Faster os.walk()

Discussion in 'Python' started by fuzzylollipop, Apr 20, 2005.

  1. I am trying to get the number of bytes used by files in a directory.
    I am using a large directory ( lots of stuff checked out of multiple
    large cvs repositories ) and there is lots of wasted time doing
    multiple os.stat() on dirs and files from different methods.
     
    fuzzylollipop, Apr 20, 2005
    #1
    1. Advertising

  2. fuzzylollipop

    Peter Hansen Guest

    Laszlo Zsolt Nagy wrote:
    > fuzzylollipop wrote:
    >
    >> I am trying to get the number of bytes used by files in a directory.
    >> I am using a large directory ( lots of stuff checked out of multiple
    >> large cvs repositories ) and there is lots of wasted time doing
    >> multiple os.stat() on dirs and files from different methods.
    >>
    >>

    > Do you need a precise value, or are you satisfied with approximations too?
    > Under which operating system? The 'du' command can be your firend.


    How can "du" find the sizes without do os.stat() on each
    file?
     
    Peter Hansen, Apr 20, 2005
    #2
    1. Advertising

  3. fuzzylollipop wrote:

    >I am trying to get the number of bytes used by files in a directory.
    >I am using a large directory ( lots of stuff checked out of multiple
    >large cvs repositories ) and there is lots of wasted time doing
    >multiple os.stat() on dirs and files from different methods.
    >
    >

    Do you need a precise value, or are you satisfied with approximations too?
    Under which operating system?

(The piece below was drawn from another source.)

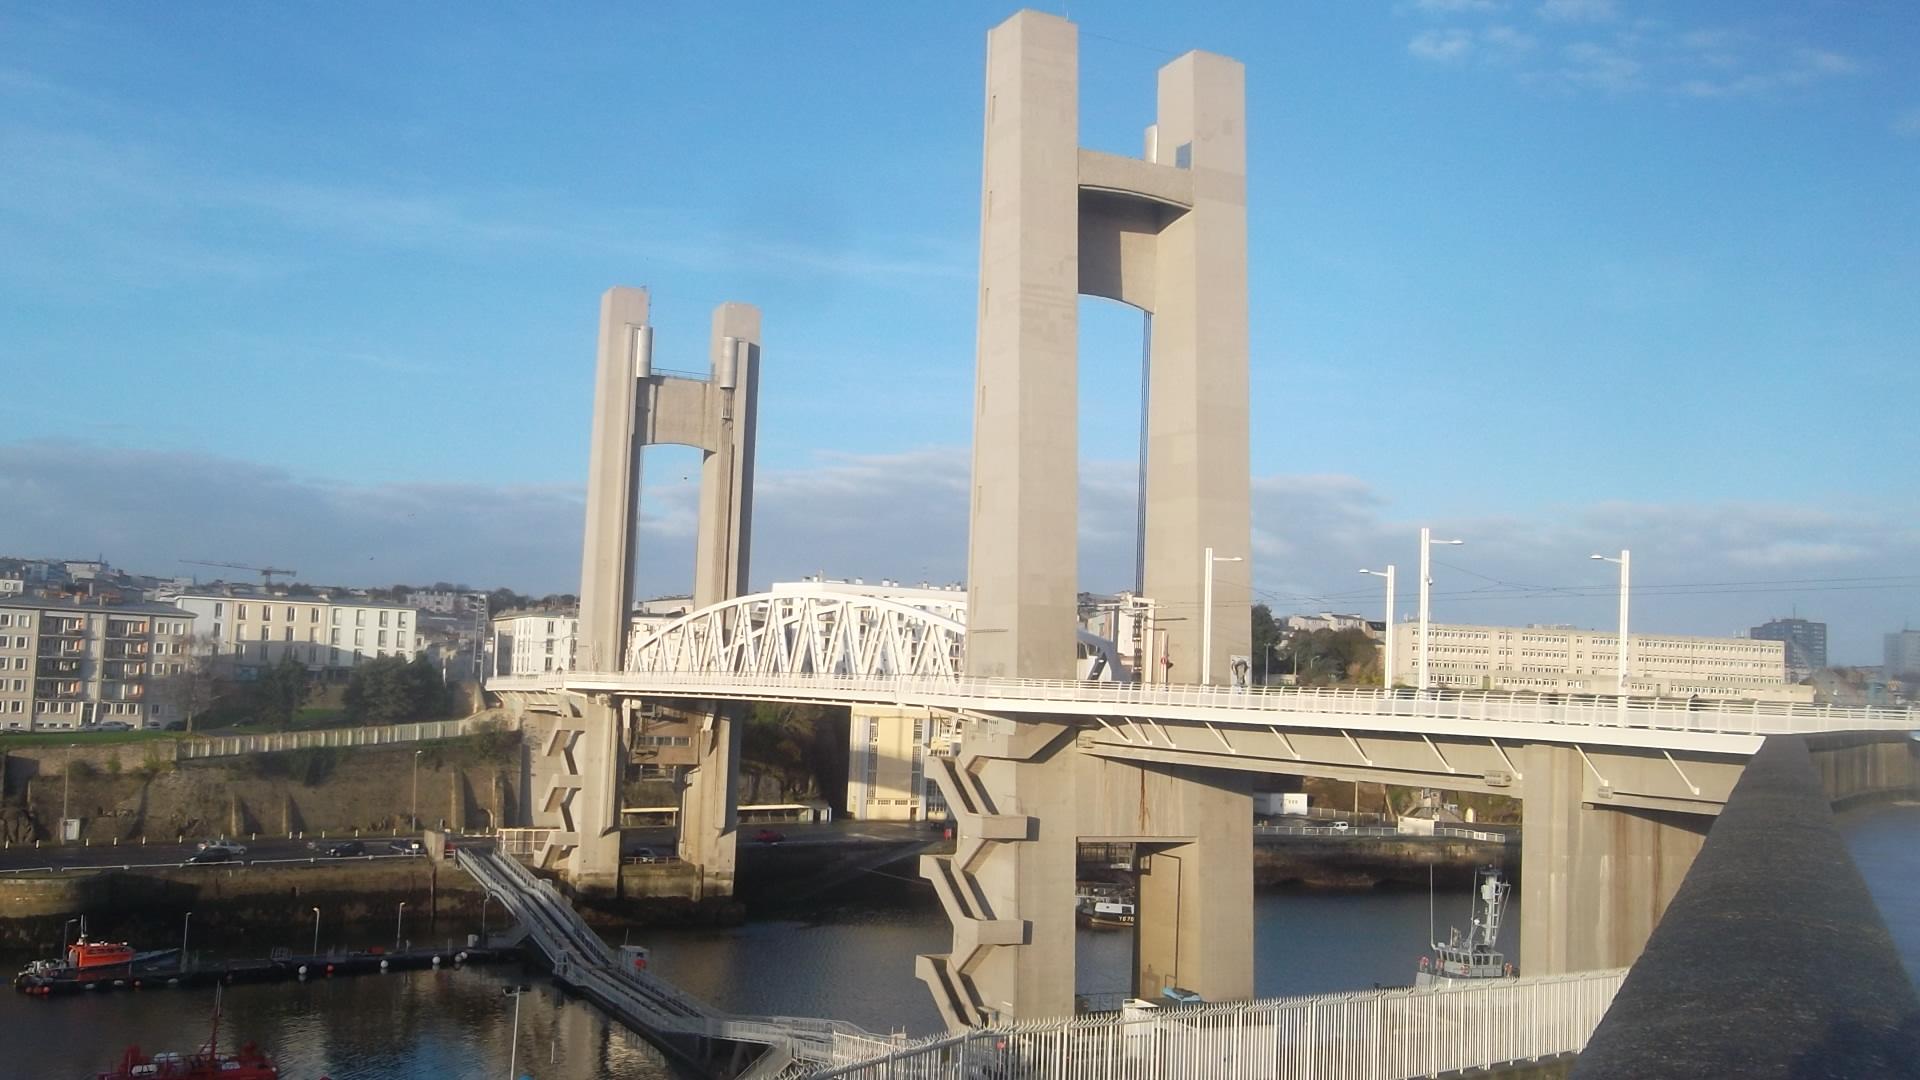 brest pont de recouvrance castle side nov13
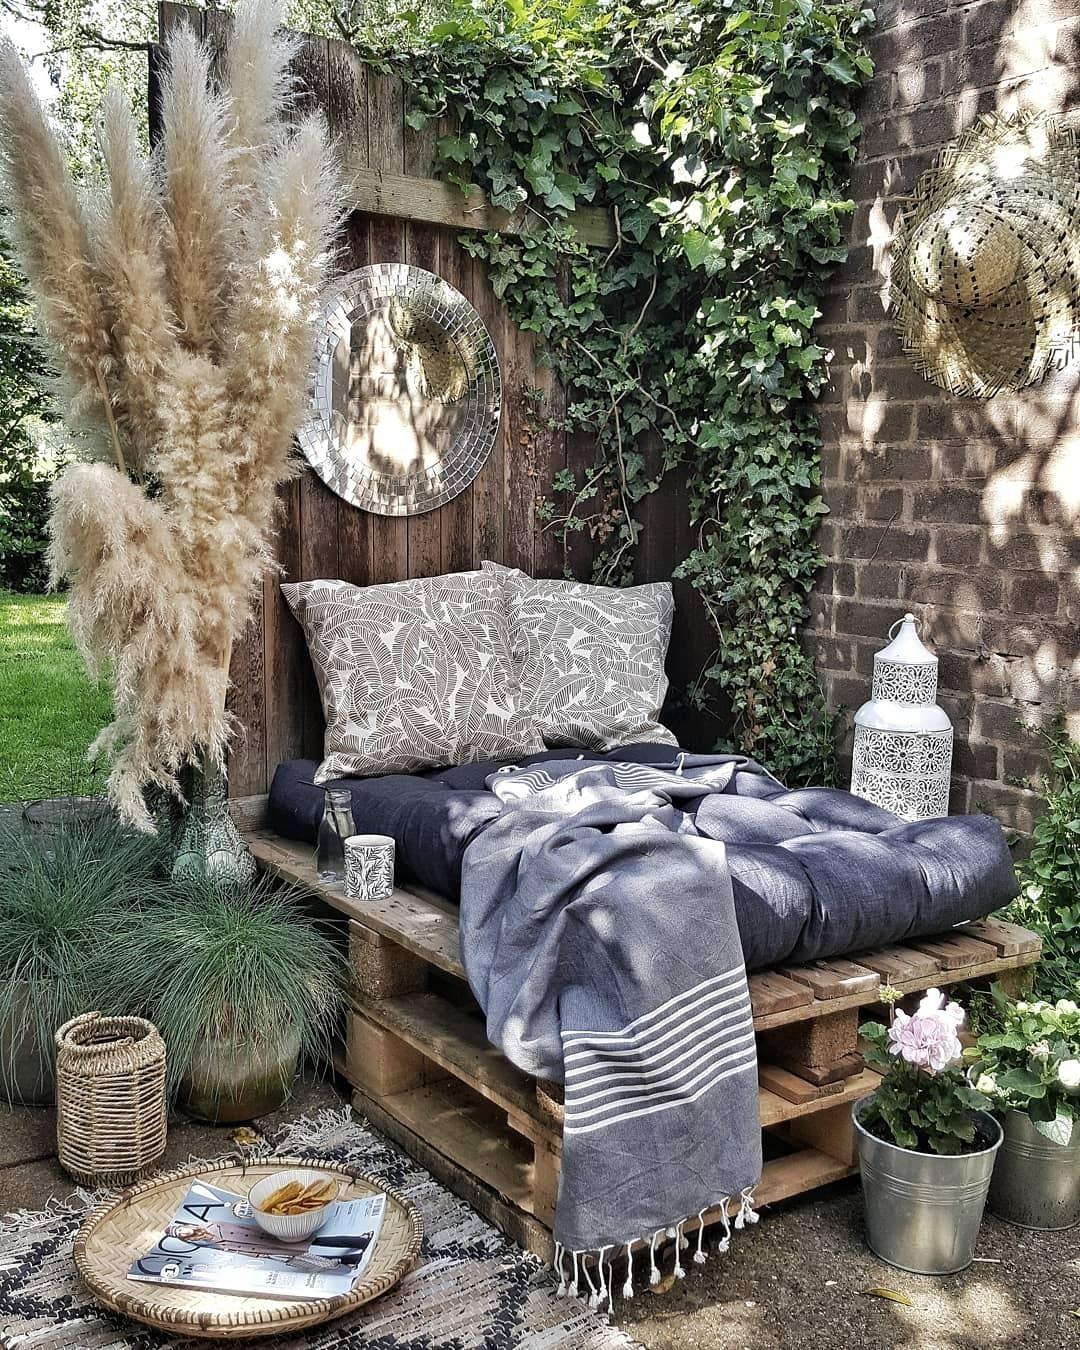 #garten #interior #sommer #couchliebt #hygge

The 'du' command can be your firend.

    man du

    Best,

    Laci 2.0



    --
    _________________________________________________________________
    Laszlo Nagy web: http://designasign.biz
    IT Consultant mail:

    Python forever!
     
    Laszlo Zsolt Nagy, Apr 20, 2005
    #3
  4. du is faster than my code that does the same thing in python, it is
    highly optomized at the os level.

    that said, I profiled spawning an external process to call du and over
    the large number of times I need to do this it is actually slower to
    execute du externally than my os.walk() implementation.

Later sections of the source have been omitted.